Kouma and I decided to build a skelly in a cage. He's going in our witch scene as a prisoner.


----------



## Scary Godmother (Oct 13, 2007)

Nice job Teary, looks great. I'm sure that will make a nice addition to your scene!


----------



## kprimm (Mar 14, 2009)

Nice work on the skelly cage, mean ol witch has him all inprisoned.


----------



## TearyThunder (Jul 1, 2006)

Thanks guys, it was a lot fo fun to make. The only gripe I have is that my hand hurts from spray painting the thing after it was built. I was surprised how quickly we got it built (about 2 hours start to finish.)


----------



## Koumajutsu (Aug 9, 2006)

I have to say, I got lucky on this prop. All I had to really do was cut the wood and work the screw gun 
we also split the paint duty


----------



## RoxyBlue (Oct 6, 2008)

TearyThunder said:


> I was surprised how quickly we got it built (about 2 hours start to finish.)


I'm surprised that you were able to get it done in only two hours with an engineer around

My dad is an engineer (now retired) and any project he ever worked on around the house took DAYS, if not weeks to complete. They were, however, done to perfection


----------



## TearyThunder (Jul 1, 2006)

RB, If I had left the it up to Kouma it wouldn't have been completed till after halloween -next- year. He did try to make some suggestions that would have taken us longer to complete. I had to remind him it's a prop and I didn't want to over complicate the darn thing.


----------



## Koumajutsu (Aug 9, 2006)

overcomplicate? All I wanted to do was add a little purposeful inperfections, like crooked bars. You're the one that had to make a template to get the bars spaced uniformly 

oh, and I wanted to make it shorter, so mr skellie would have to be crouched and uncomfortable. Everyone knows, victims taste better after torture


----------



## TearyThunder (Jul 1, 2006)

No, no, that's not what I'm talking about. You wanted to get special drill bits and play with power tools all day. 
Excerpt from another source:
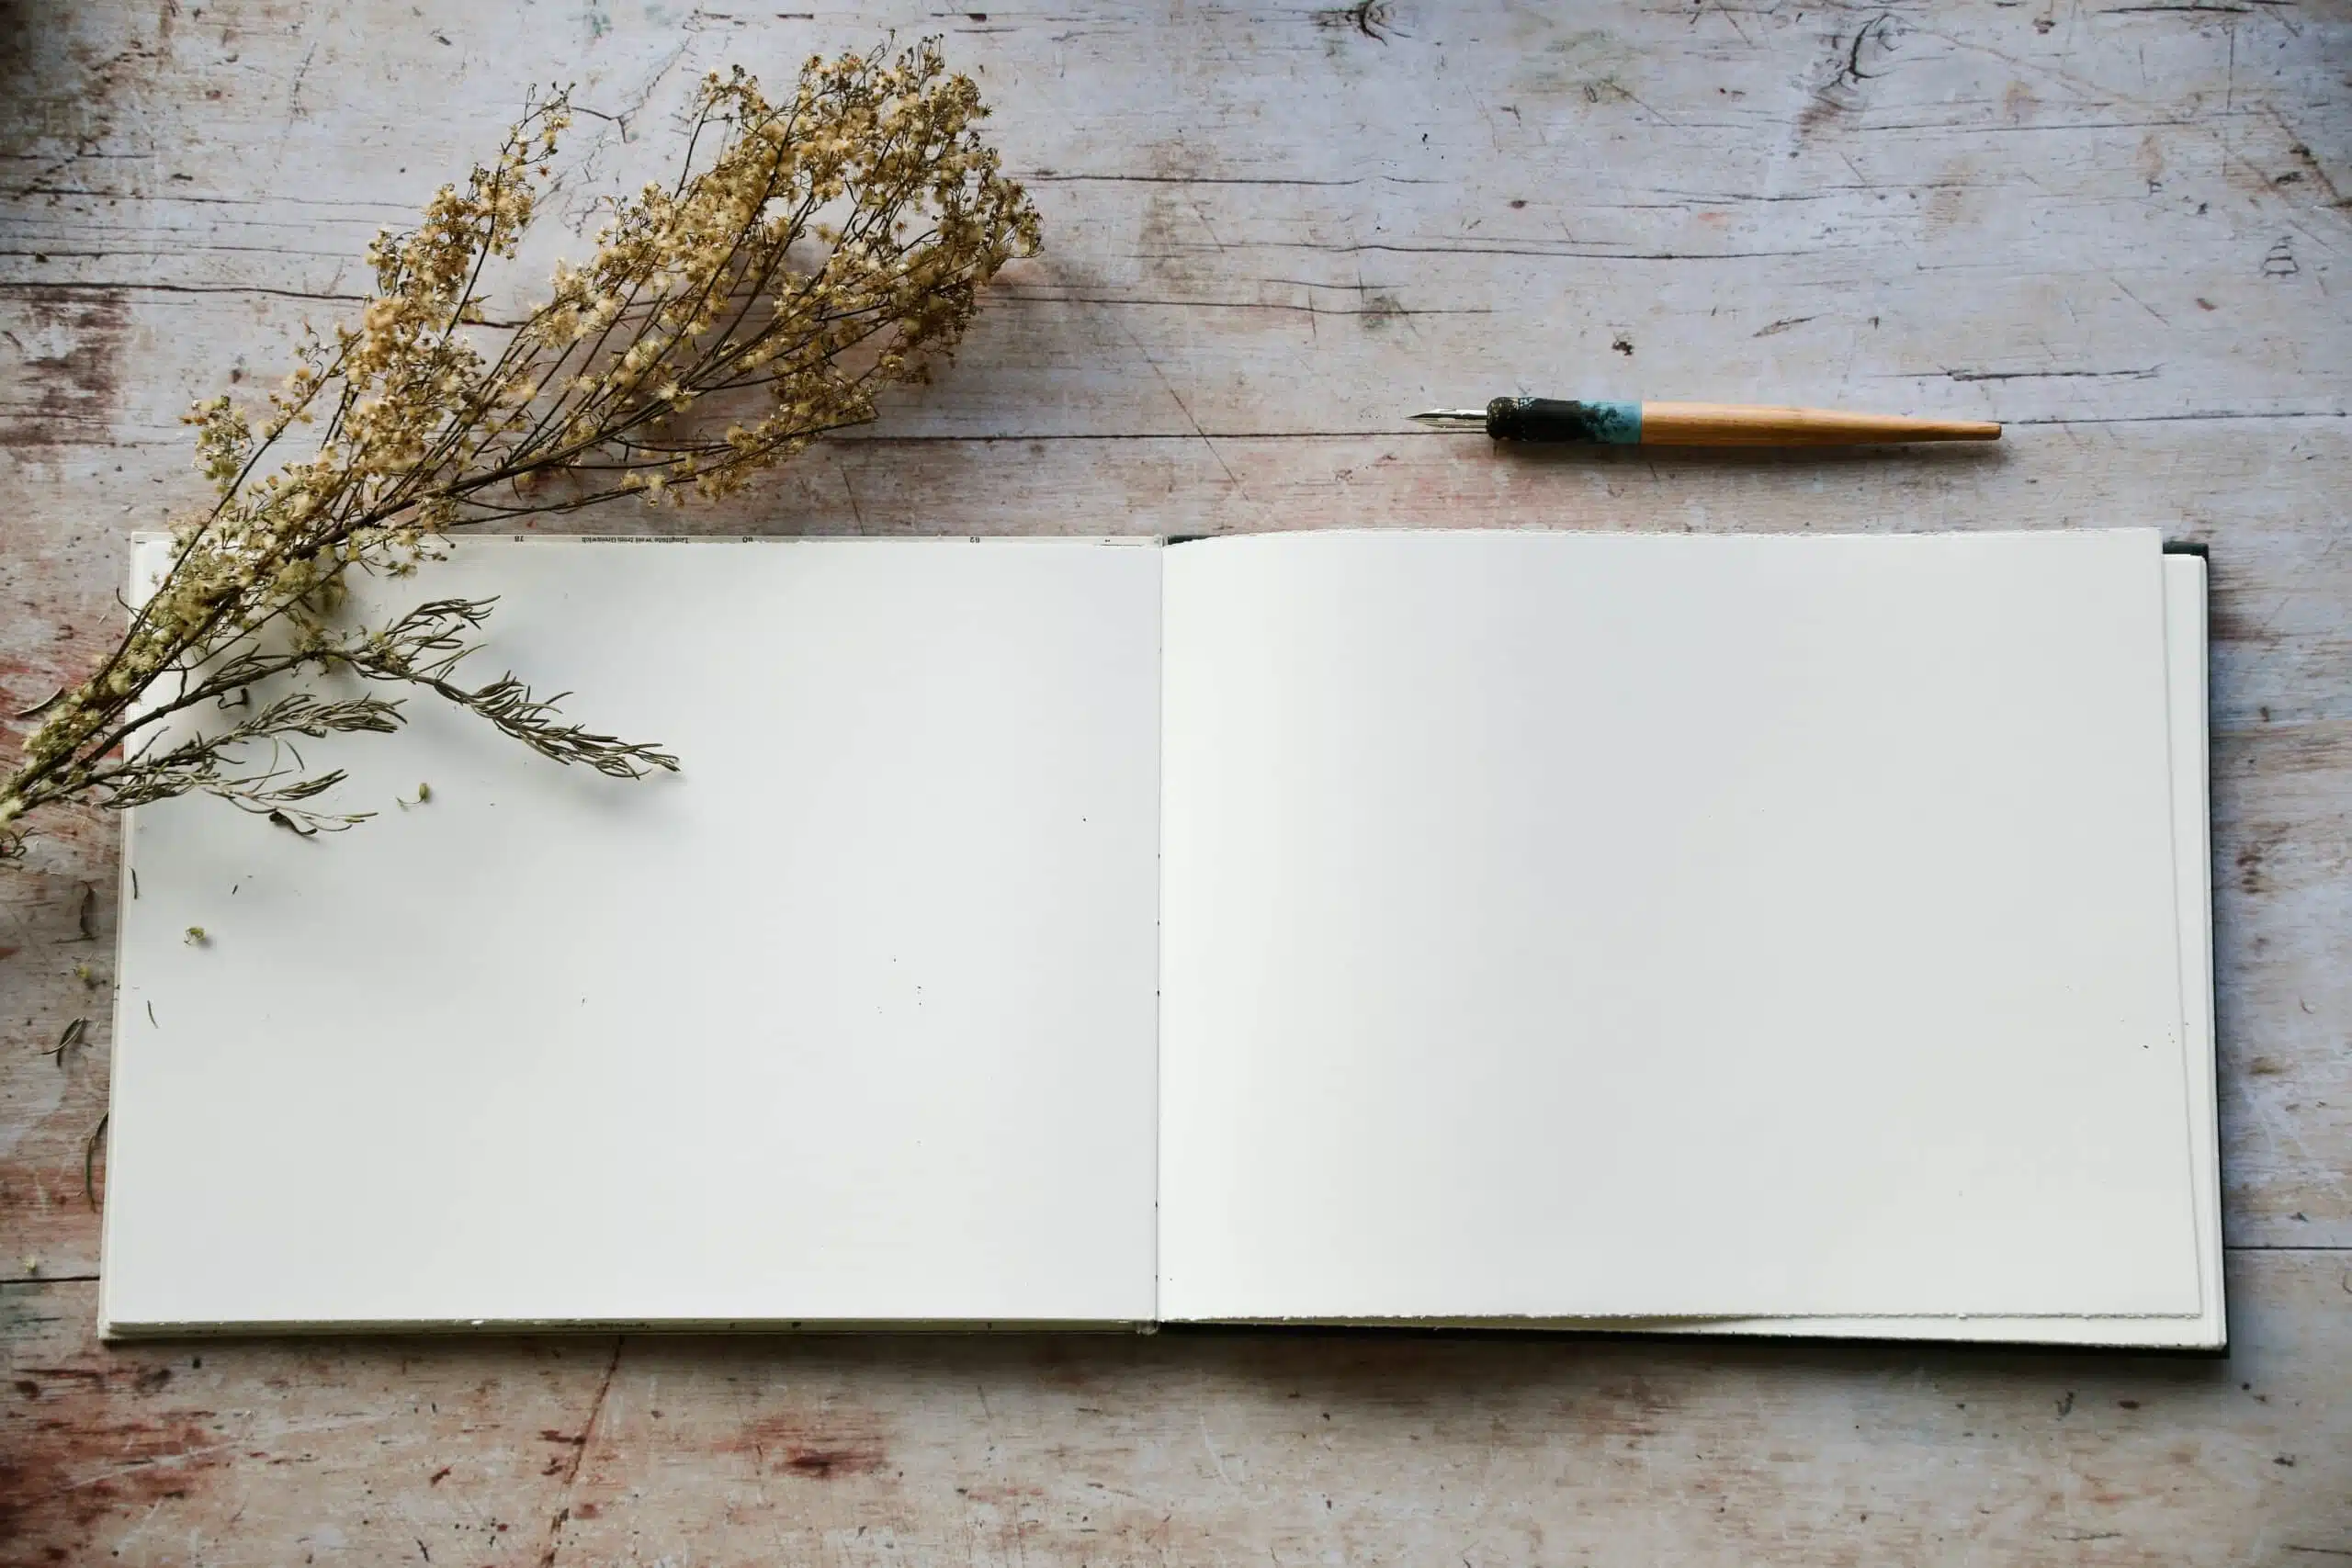 Blank journal open for creative writing or journaling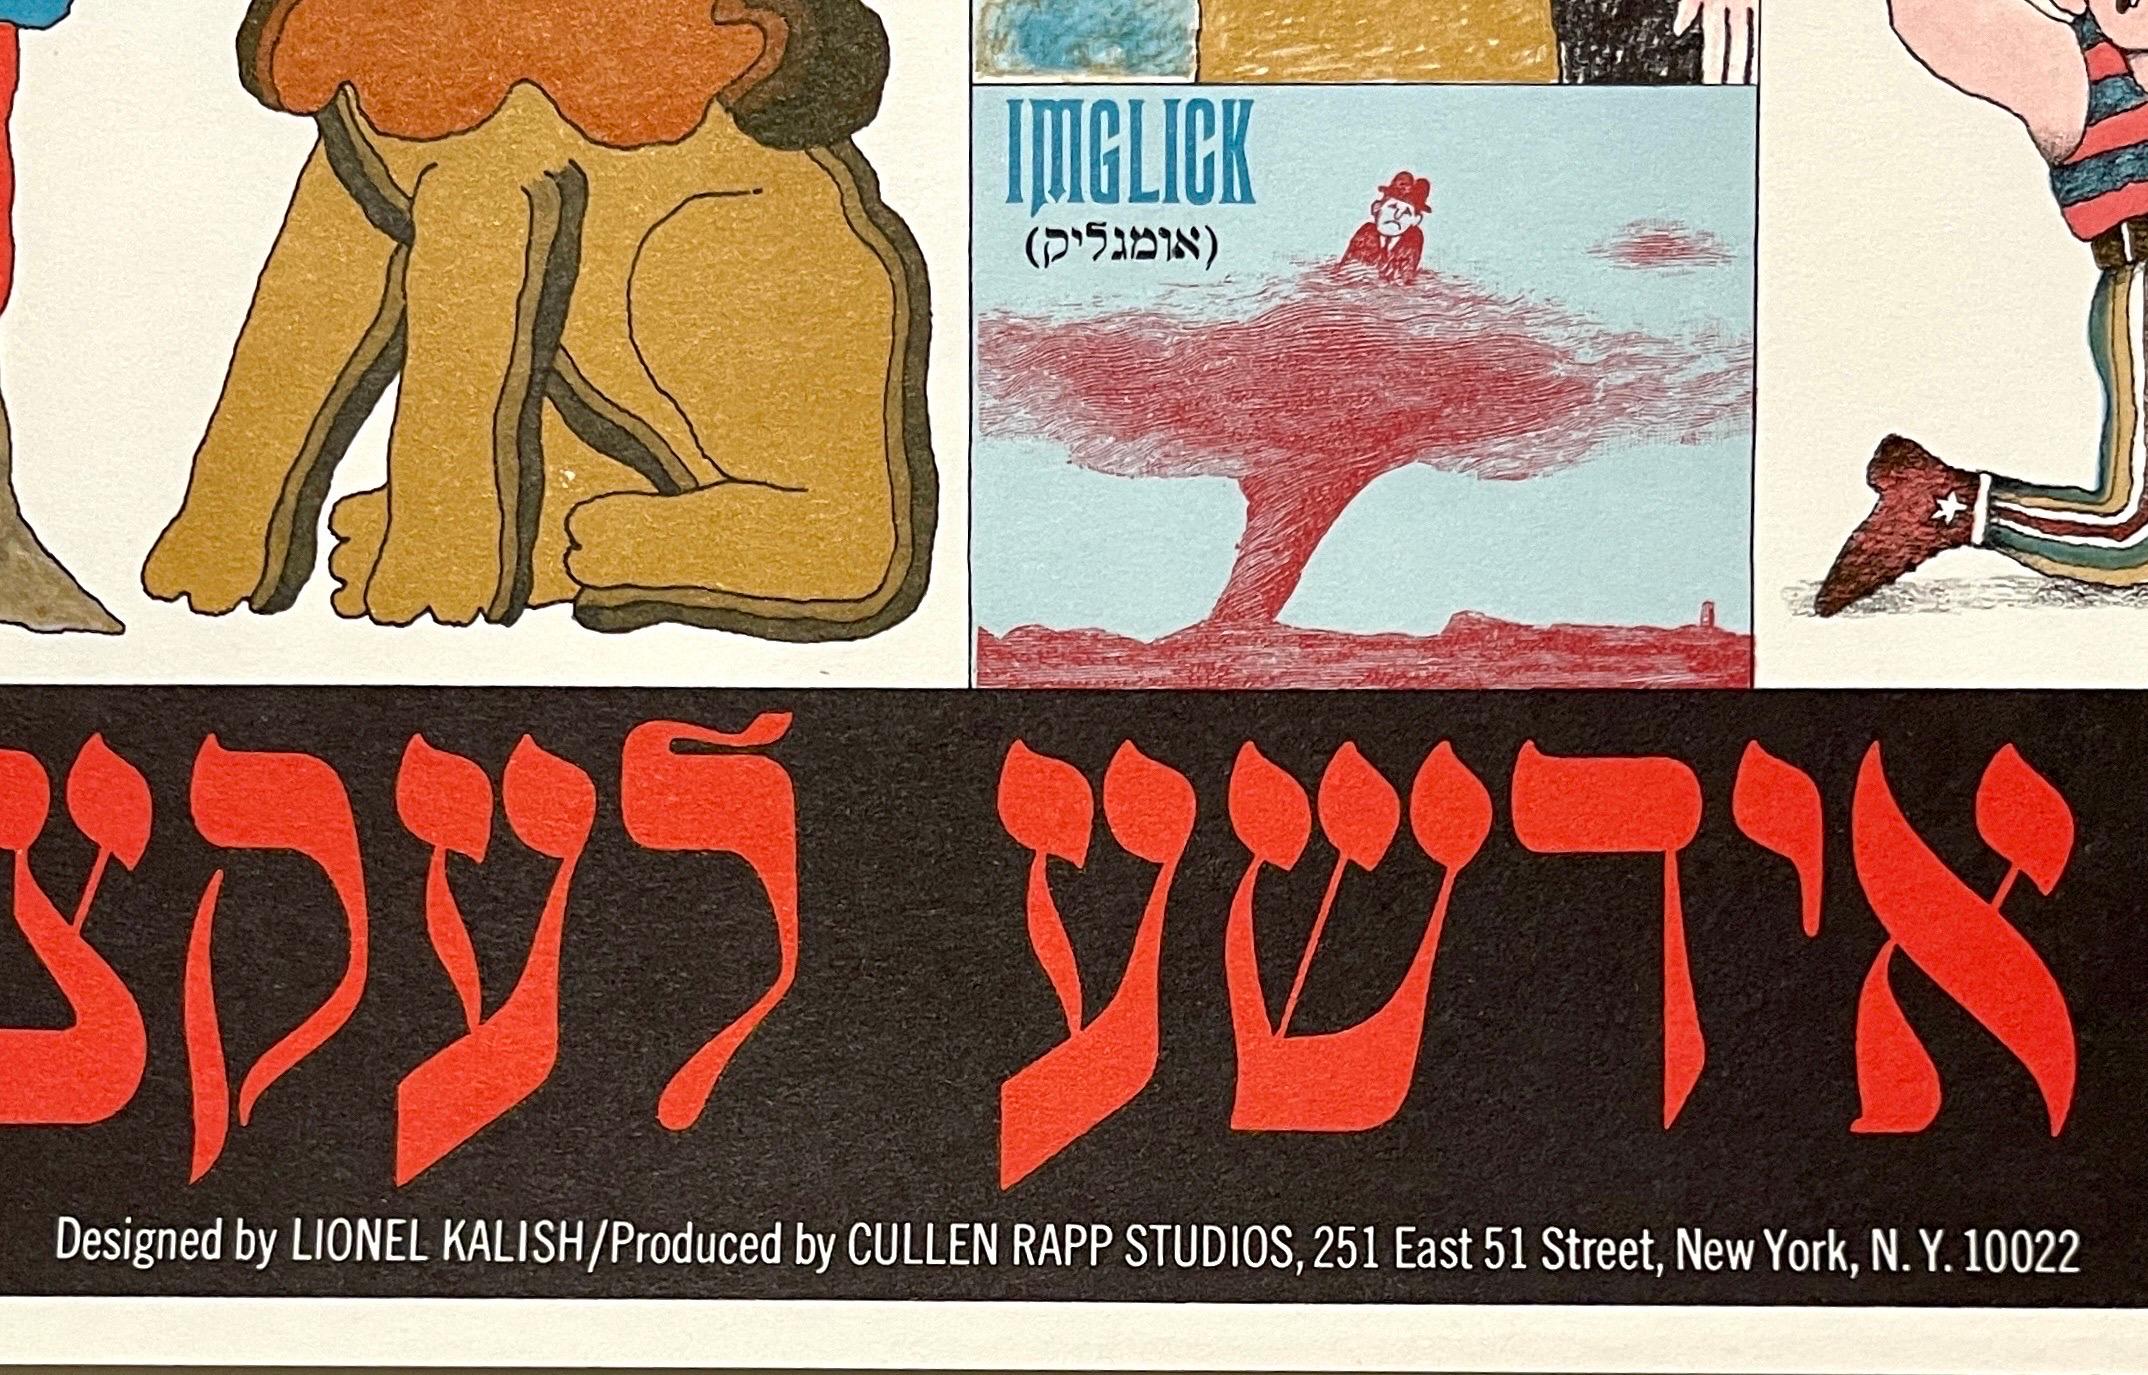 Great vintage mid century Pop Art poster depicting images to define the Yiddish terms in the animated cartoon panels. This colorful poster designed by Lionel Kalish offers whimsical cartoons to illustrate the meanings of Yiddish words. This Poster

As for the crooked bars and stuff, if the bars aren't properly spaced the blucky could escape and then you would have to deal with a coven of witches. Not to mention, crooked bars would call for a larger cage and we are limited on space as it is.

Oh and if I was worried about the bars being perfect, I would have got out the tape measure and made sure they were spaced perfectly and not eyeballed it.


----------



## RoxyBlue (Oct 6, 2008)

LOL, you guys sound like you're channeling my parents

Clearly a match made in heaven

And Teary is right - can't have those bars too far apart. Escaped bluckies are just nothin' but trouble.


----------



## Spooky1 (Aug 25, 2008)

In our house, it's Roxy who tells me when I'm an 1/8 of an inch off center.


----------



## Zombies R Us (Jul 9, 2009)

I agree about escaped blucky's, once they are out they are extremely difficult to round up. Only thing worse is an escaped zombie, too bitey! Great prop!


----------